**Collected data**
____________
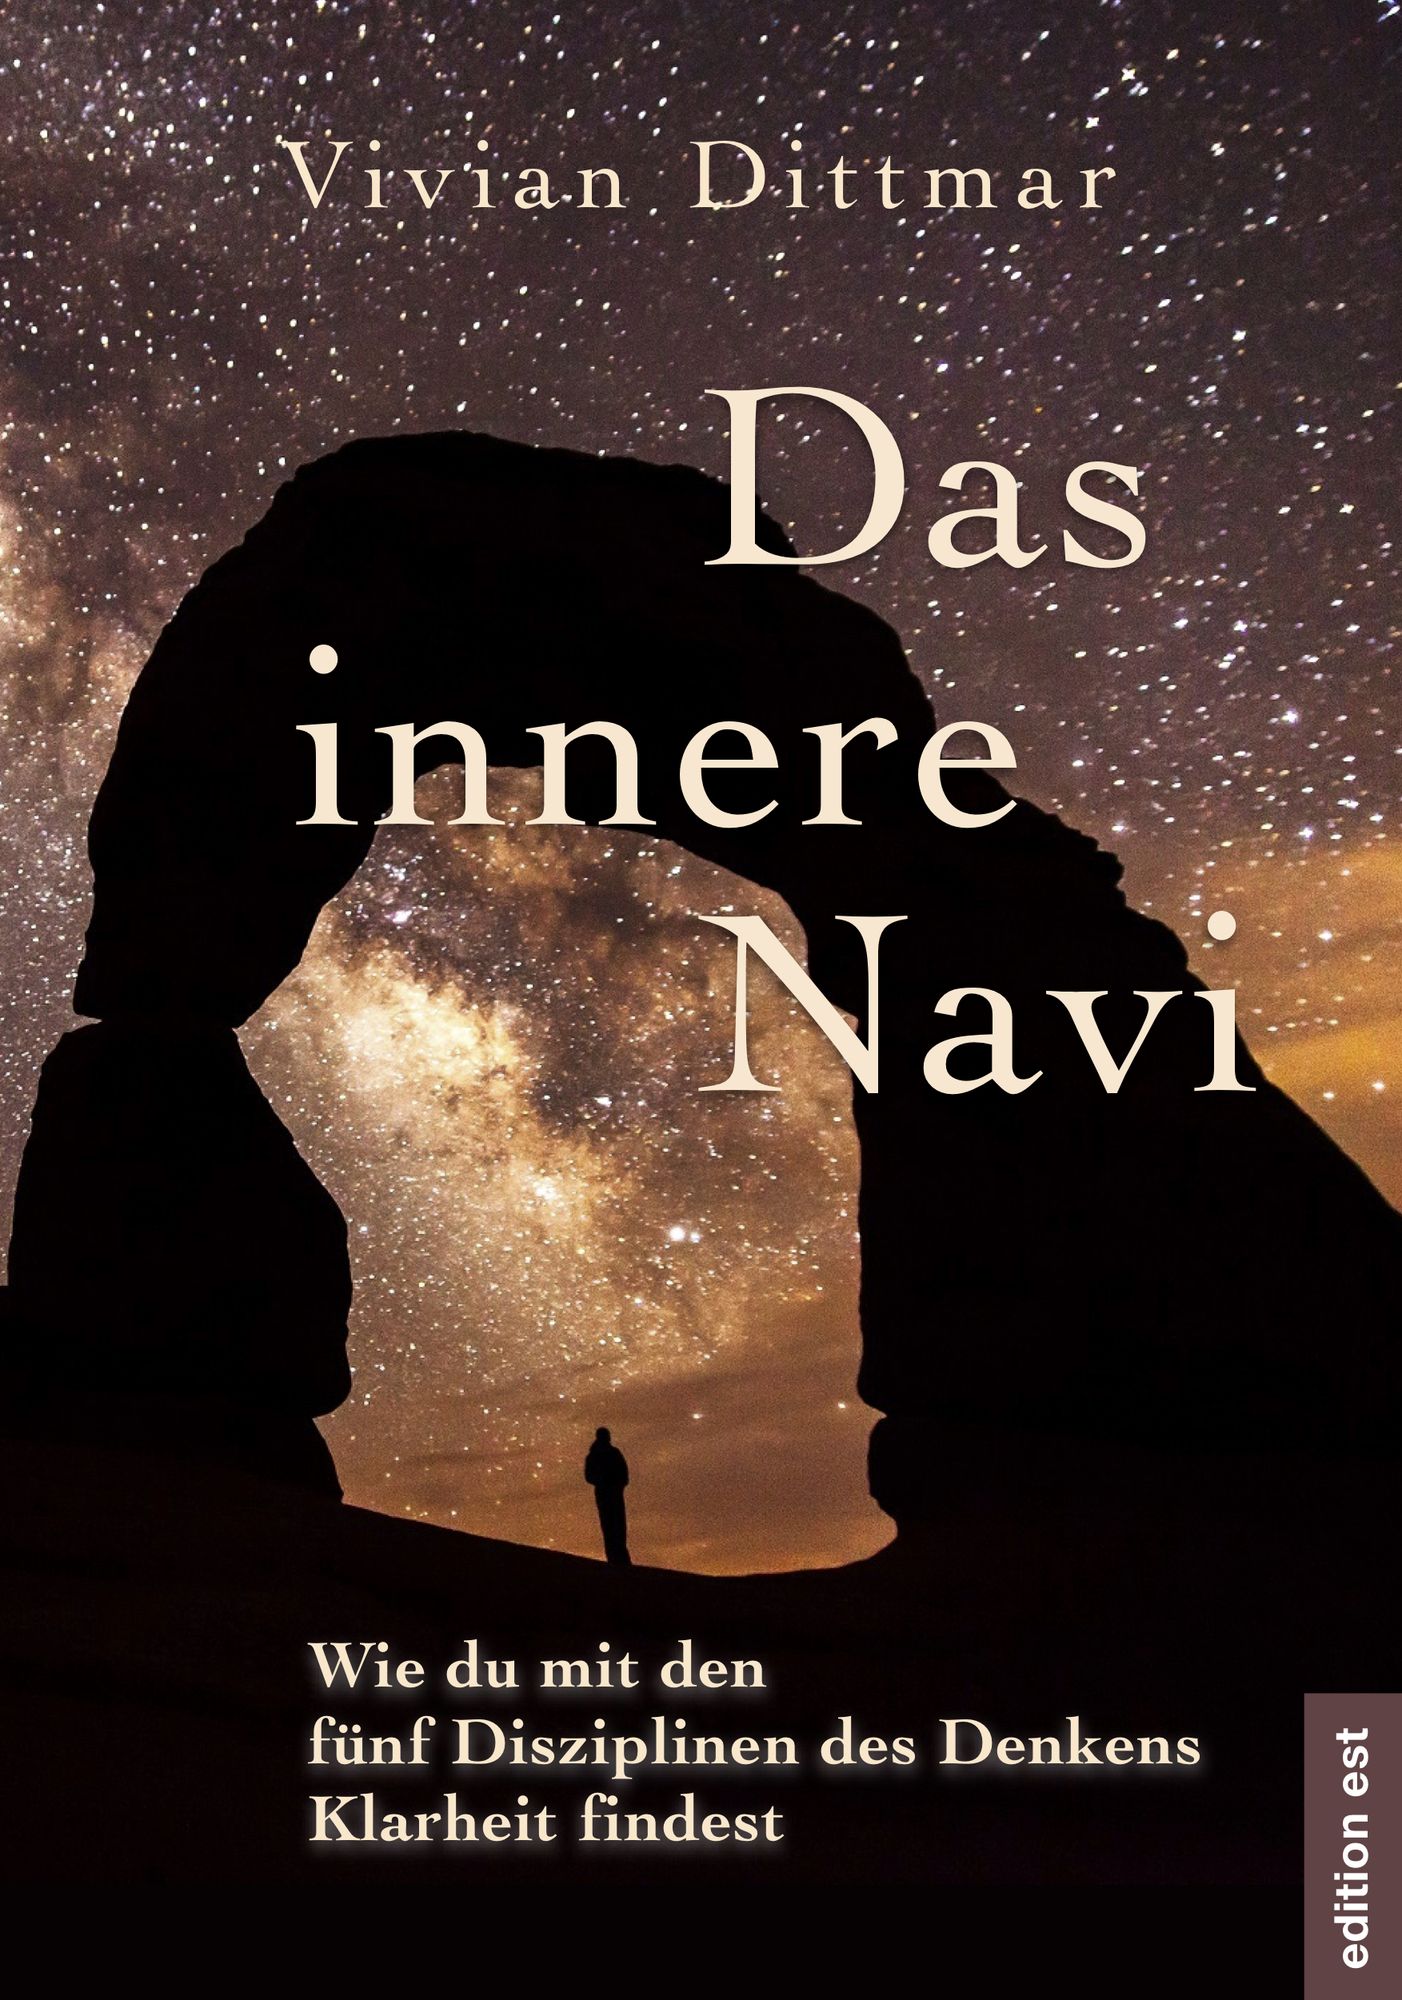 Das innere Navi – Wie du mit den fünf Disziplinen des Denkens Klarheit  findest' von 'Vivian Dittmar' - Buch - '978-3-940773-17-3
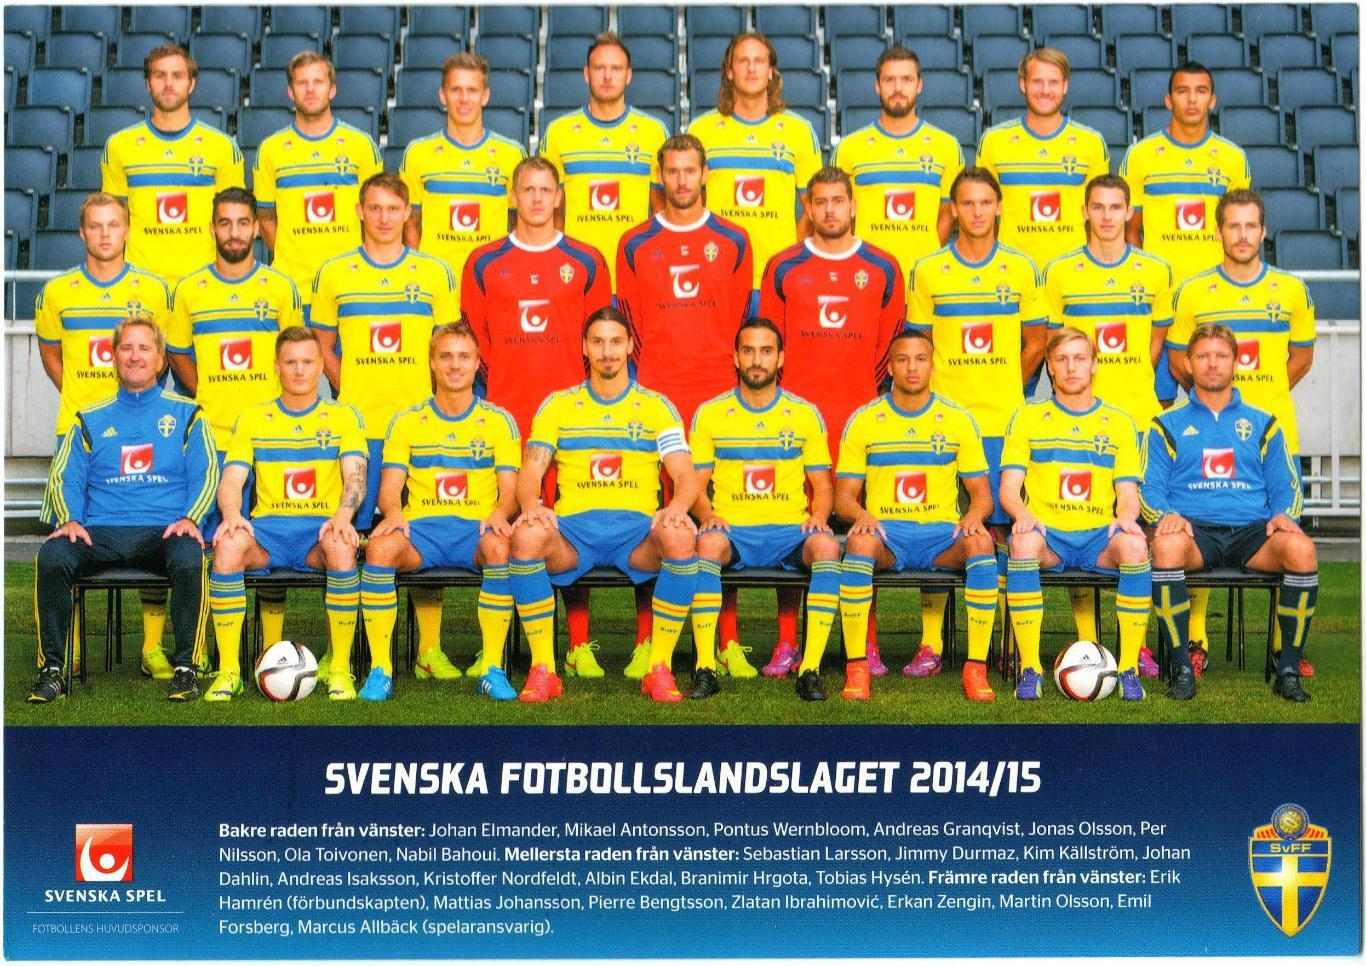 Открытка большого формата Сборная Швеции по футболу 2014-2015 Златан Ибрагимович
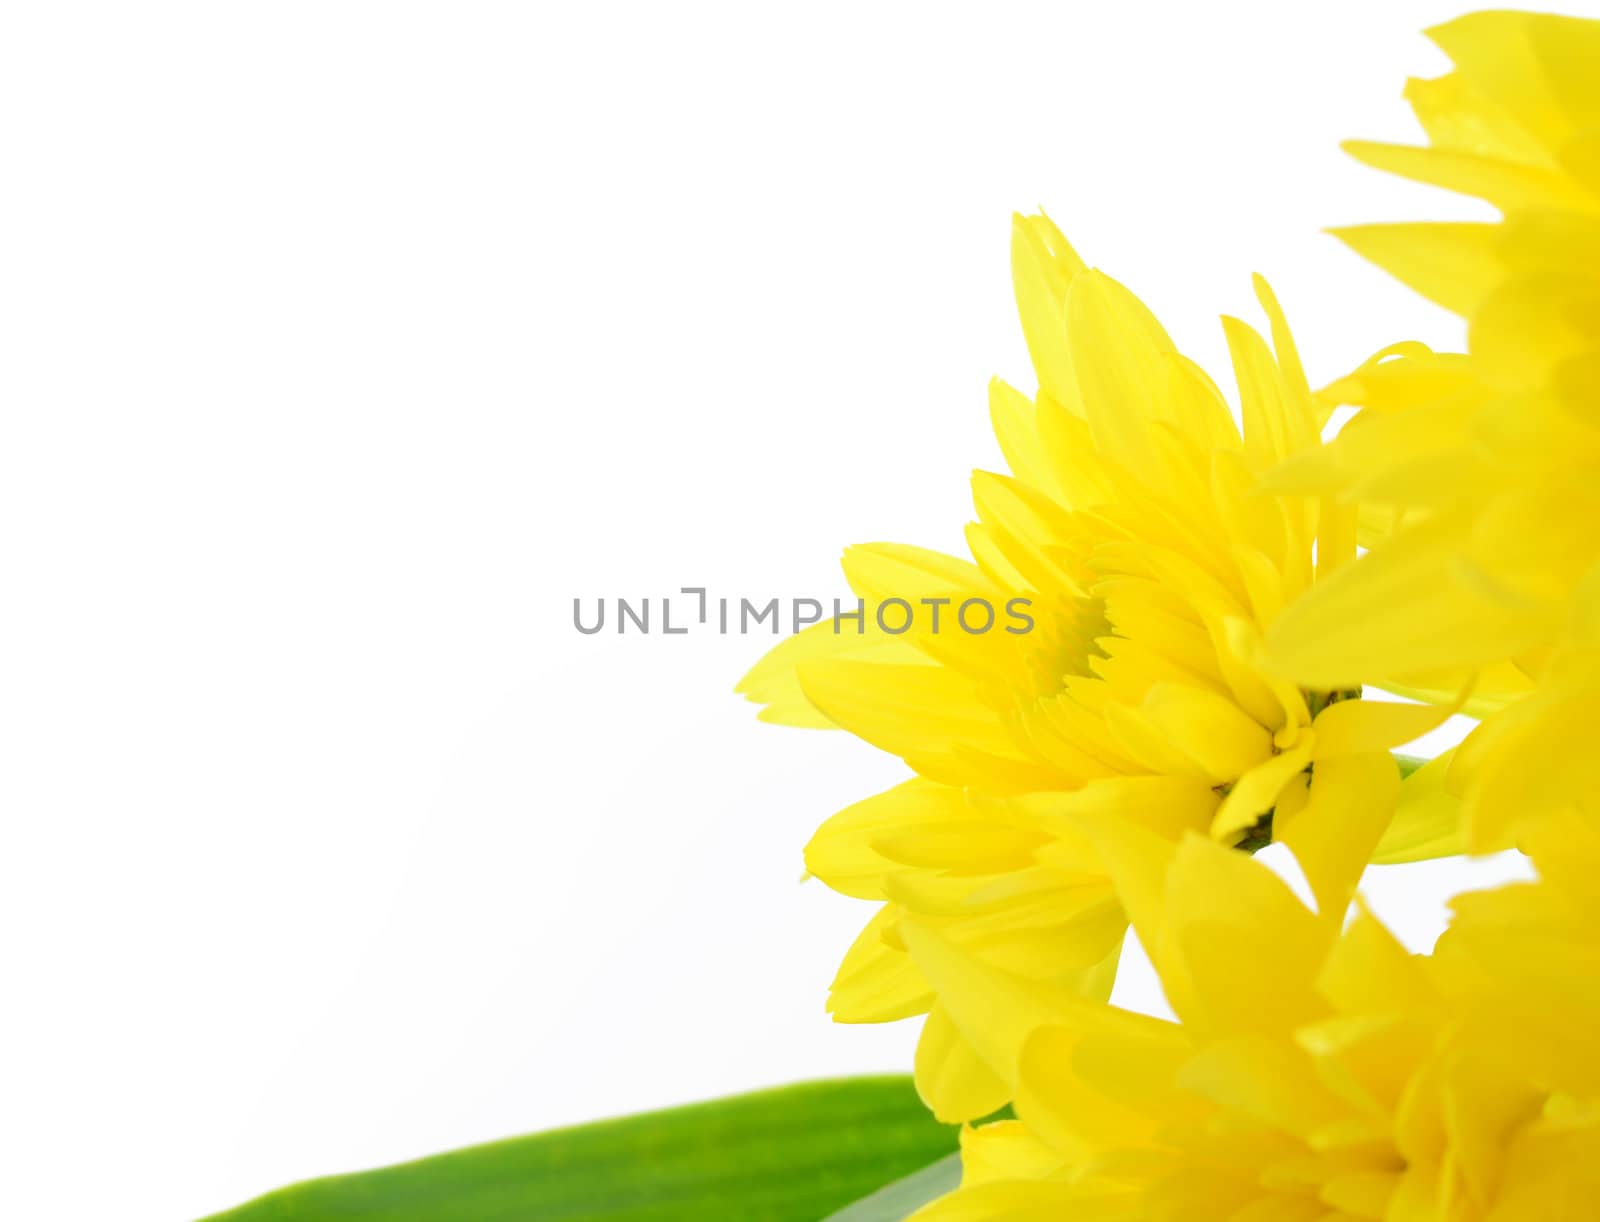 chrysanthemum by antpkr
____________
**What to produce**
Give the data above again, exactly, with every picture removed.

**Result of the exercise**
 Das innere Navi – Wie du mit den fünf Disziplinen des Denkens Klarheit  findest' von 'Vivian Dittmar' - Buch - '978-3-940773-17-3
 Открытка большого формата Сборная Швеции по футболу 2014-2015 Златан Ибрагимович
 chrysanthemum by antpkr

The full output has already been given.